# Complex analysis, graph inequality

1. Sep 11, 2011

### Fellowroot

1. The problem statement, all variables and given/known data

Sketch the graph

|Re(z)|>2

2. Relevant equations

z=x+iy

3. The attempt at a solution

|Re(z)|>2

|Re(x+iy)|>2

|x|>2

|x-0|>2, this is a circle centered at zero with radius 2

4. My question

What I'm having a hard time with is the | | notation.
Is this the absolute value, or modulus, or something else.
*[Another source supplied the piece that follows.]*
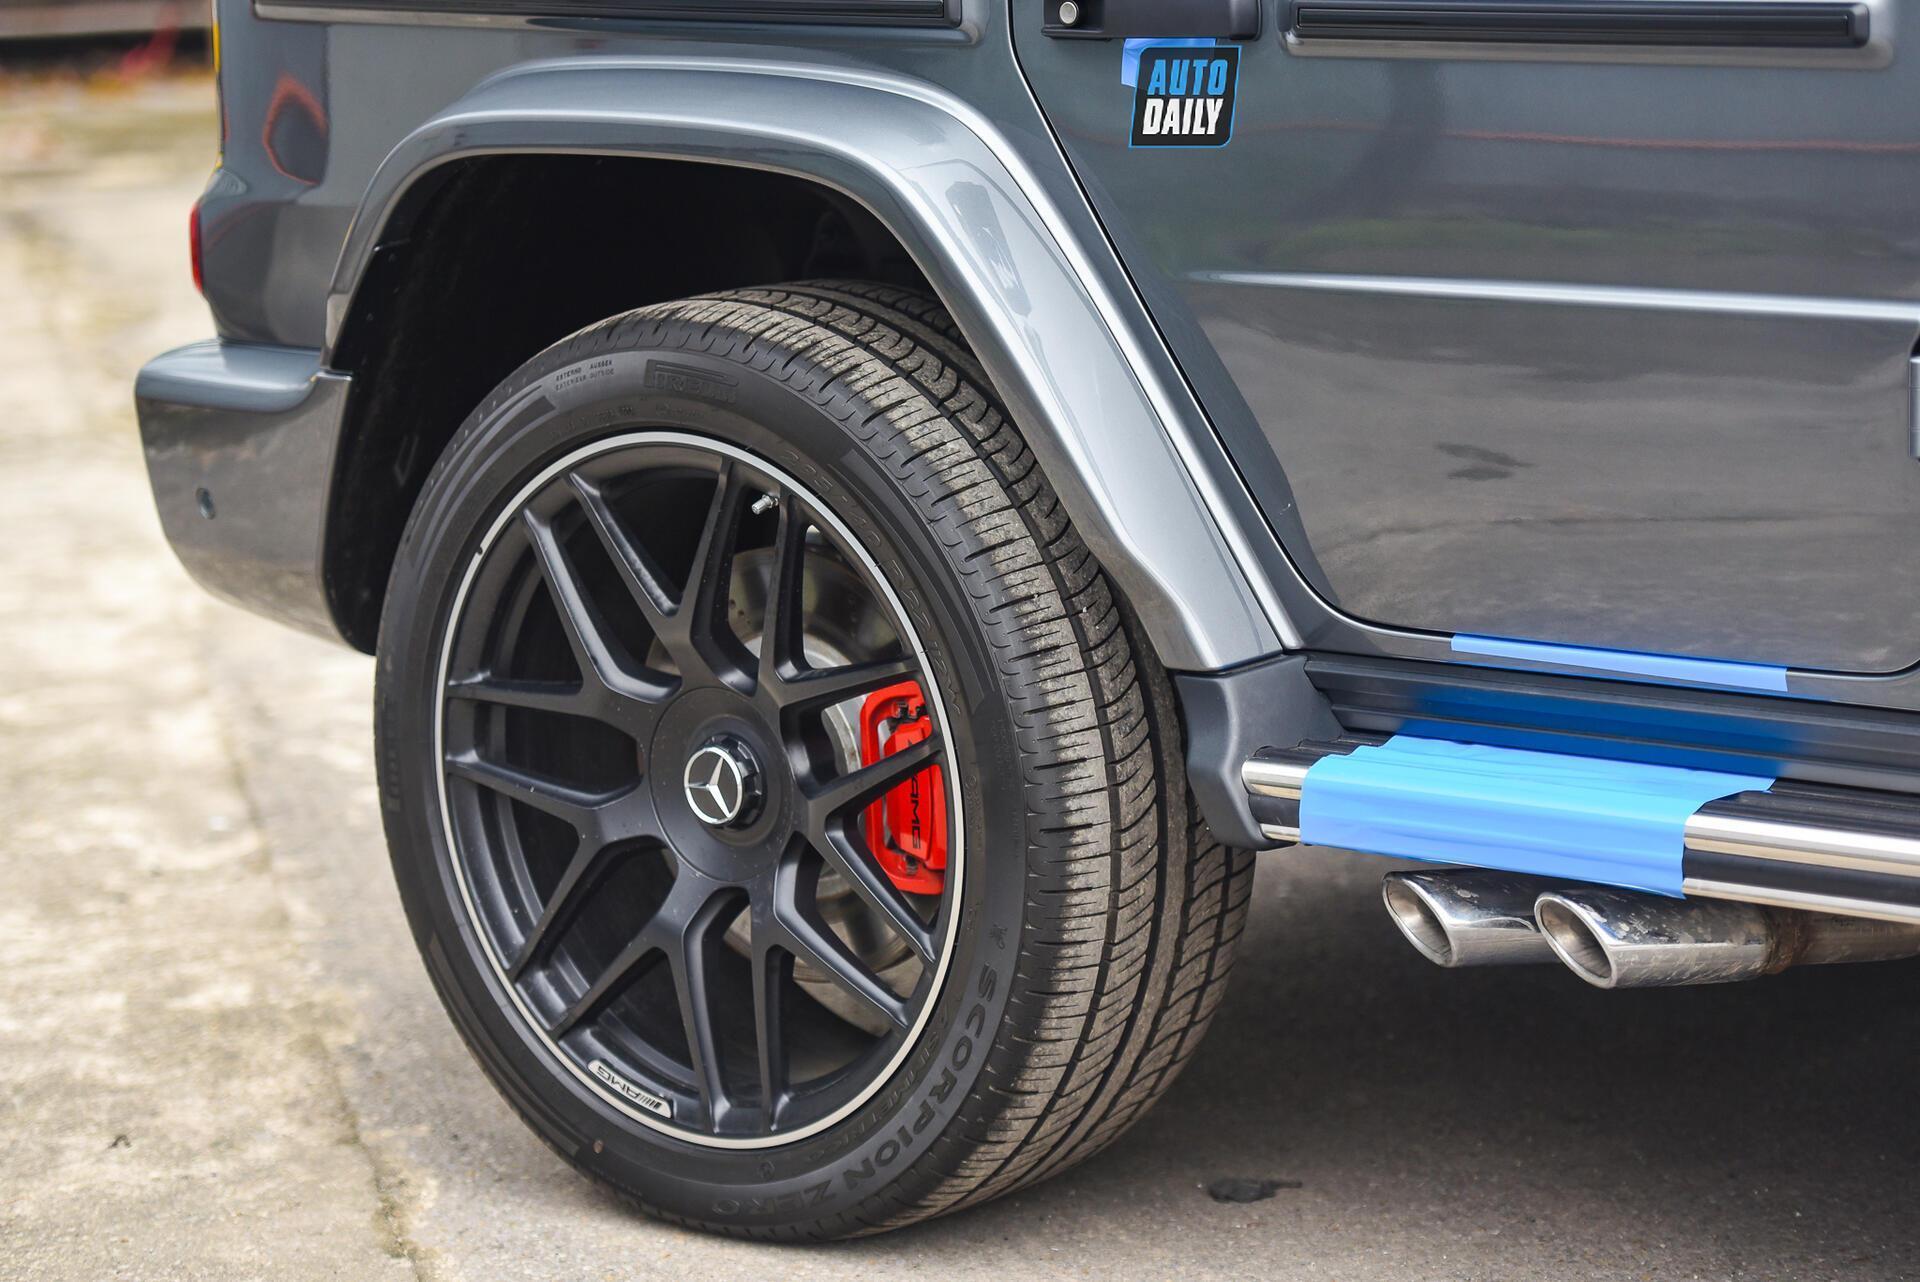 Ảnh chi tiết Mercedes G63 AMG 2021 bản cá nhân hoá giá khoảng 12 tỷ [9]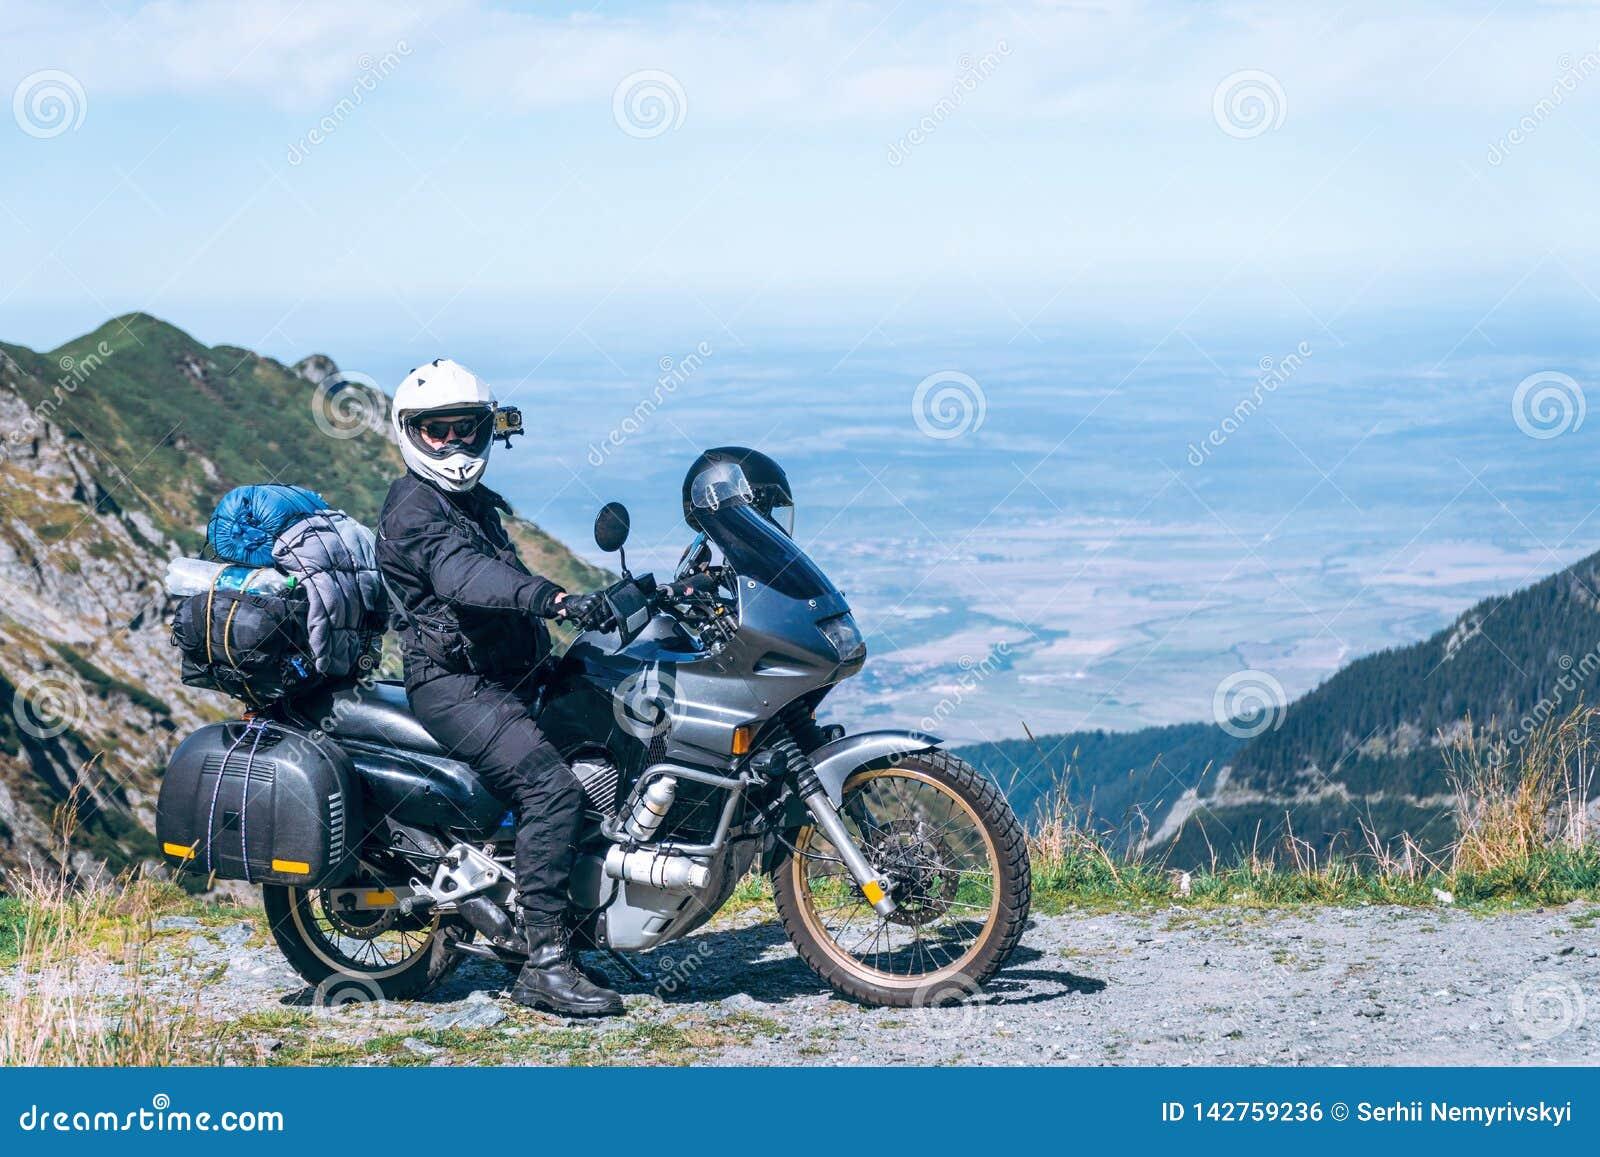 Il motociclista sta sedendosi sul suo motociclo di avventura, la montagna superiore nel fondo, enduro, fuori dalla strada, bella

Wolfram Alpha says its an absolute value graph (that I understand) but my books says this is the form of a circle. Which is it?
http://www.wolframalpha.com/input/?i=|Re(z)|>2

I graphed a circle on my paper r=2 at (0,0) but I don't know which part to shade, the inside of the circle or the outside? How can I plug in numbers to test True and False? I know how to graph inequalities in real but complex I'm having trouble with.

Thanks.

2. Sep 11, 2011

### Dick

I have no idea what Wolfram Alpha is thinking about. Ignore it, please? || is modulus or absolute value. They are really the same thing. |x|>2 is perfectly correct. But it's not a circle at all. x=2 is a line, x=(-2) is another line. Those are the boundaries of your region, yes?

3. Sep 12, 2011

### Fellowroot

I now see why |x|>2 is NOT a circle.

I got it confused with this formula |z-z$_{0}$|=$\rho$

Because |z|>2 is a circle.

And I still have a hard time seeing why |z|>2 is a circle.

4. Sep 12, 2011

### Dick

|z|=|x+iy|=sqrt(x^2+y^2). Do you know that? sqrt(x^2+y^2)=2 is the same as x^2+y^2=4. Do you see why x^2+y^2=4 is a circle?

5. Sep 12, 2011

### Fellowroot

Yes, I see now.

Thank you.